Similarly, businesses face the temptation to over-provision and allocate cloud resources ‘just in case’ rather than scale dynamically. Says Ras, “It’s much better to under-provision and scale up when needed than to over-provision and pay for unused capacity. A failure to implement cost-optimisation strategies, an overreliance on on-demand pricing, and not leveraging reserved instances, auto-scaling, or proper storage management, all lead to higher-than-necessary costs.”
The hidden costs of cloud usage also add to inefficiencies, particularly where data transfer is involved – an expense that many organisations overlook in their cloud strategies. “People often don’t think about how moving data between services impacts costs. If you don’t design your cloud environment with these factors in mind, you could be spending far more than necessary,” adds Ras.
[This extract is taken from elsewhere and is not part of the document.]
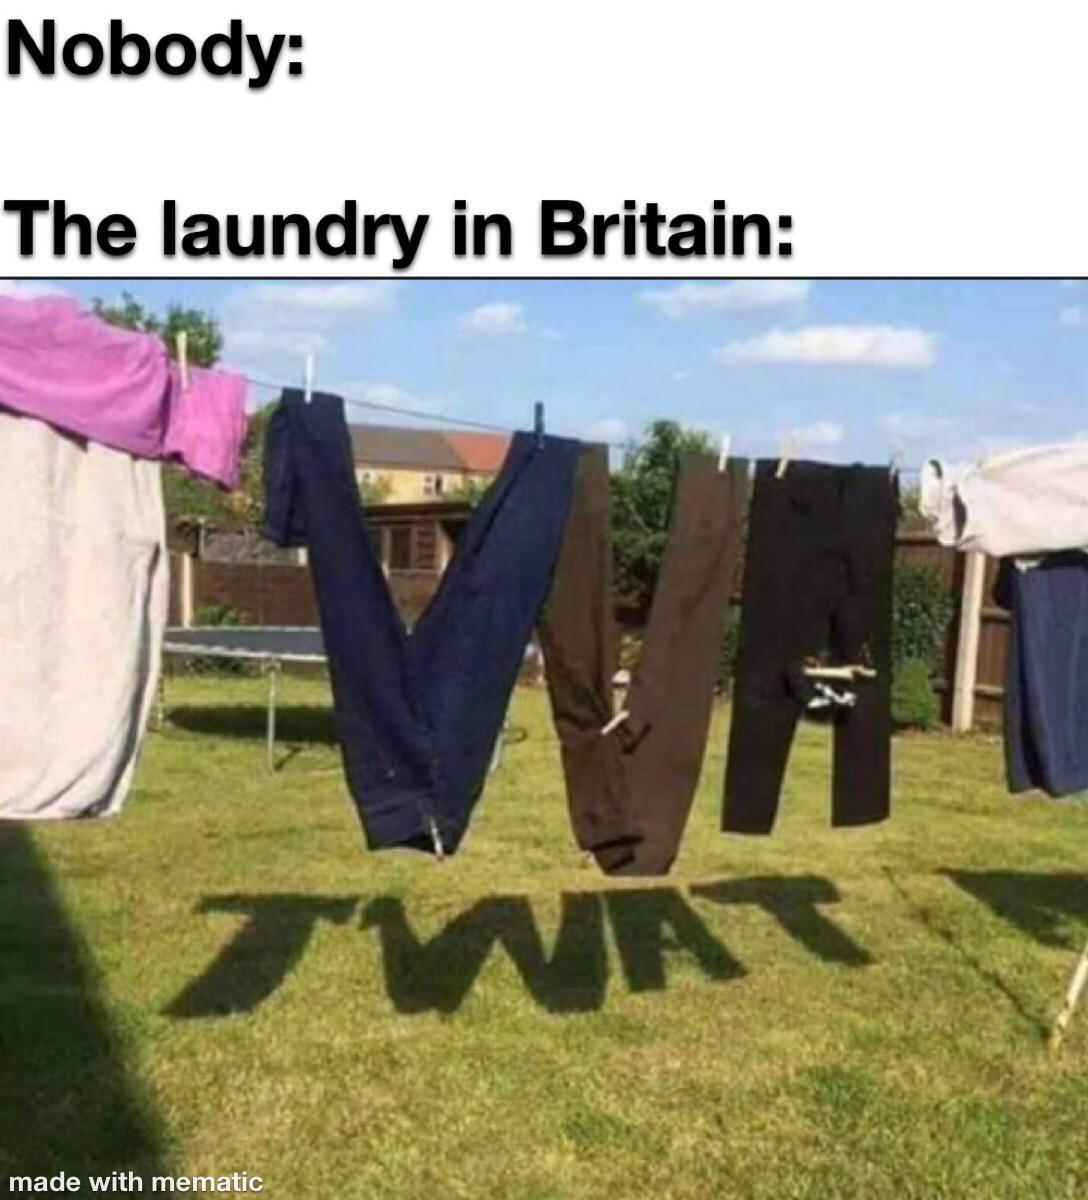 Where the swears flow like water #dankmemes #memes #memesdaily https://t.co/HRPCQaUWW4 https://t.co/G7qkxpPuvJ

Taking cloud optimisation out of the silo
For cloud optimisation efforts to really work, they need business-wide buy-in and a cross-functional approach. Ras says there needs to be an emphasis on collaboration. “Cloud isn’t just an IT concern. If finance doesn’t know what IT is provisioning, and IT doesn’t know how costs are being allocated, you end up with uncontrolled cloud spend. The key is for teams to work together and finance, operations, and IT should be aligned to ensure cloud remains efficient and cost-effective.”
To tackle these challenges, Ras recommends using cloud monitoring tools such as AWS Cost Explorer and Azure Cost Management for real-time cost visibility. Organisations should concentrate on right-sizing and auto-scaling their cloud resources so they match with actual demand. In addition, treating data governance as a cost-control strategy is essential to ensure businesses implement proper lifecycle management for their cloud storage and data usage.
Auditing the cloud
“The most important step in cloud optimisation is knowing what you need from the start. The quicker and more effectively a client can communicate what they want and what they actually need, because those aren’t always the same thing, the better the optimisation process will be. Picking the right technologies from the beginning makes a big difference,” says Ras.
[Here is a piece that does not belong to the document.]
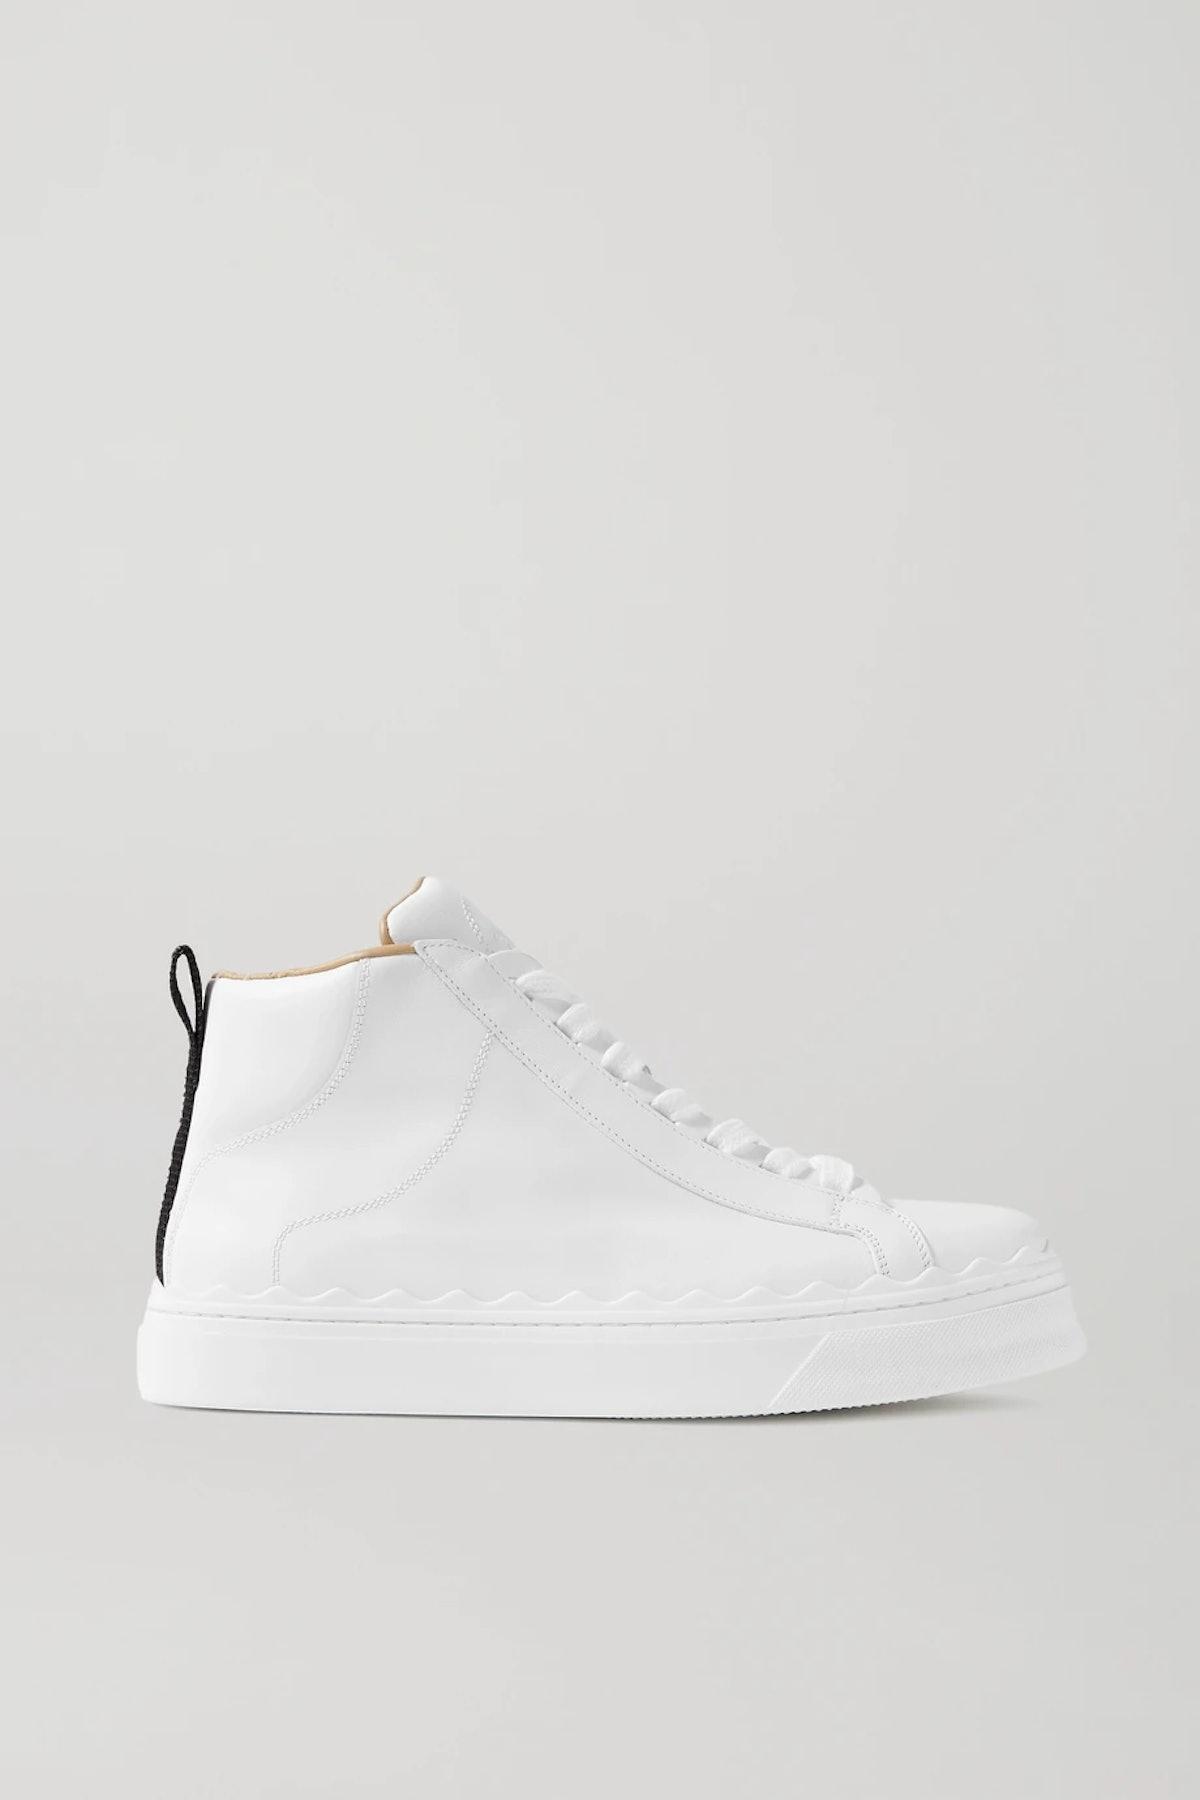 Lauren Scalloped Leather High-Top Sneakers

When optimising an existing cloud environment, the first step is always an audit. This involves reviewing whether allocated resources match actual usage. “There’s no point in running a massive instance for a web server that only gets a couple of hits a day. Once that’s done, the different optimisation points can be tackled, whether it’s auto-scaling, instance right-sizing, or adjusting storage.”
Global spending on public cloud services is projected to reach $723 billion by 2025, up from nearly $600 billion in 2023, according to Gartner. As cloud adoption grows, so should concerns over inefficiencies and waste.
“Cloud is only as smart as the way it is managed,” says Ras. “Without a strategic approach, it’s just an expensive server rental.”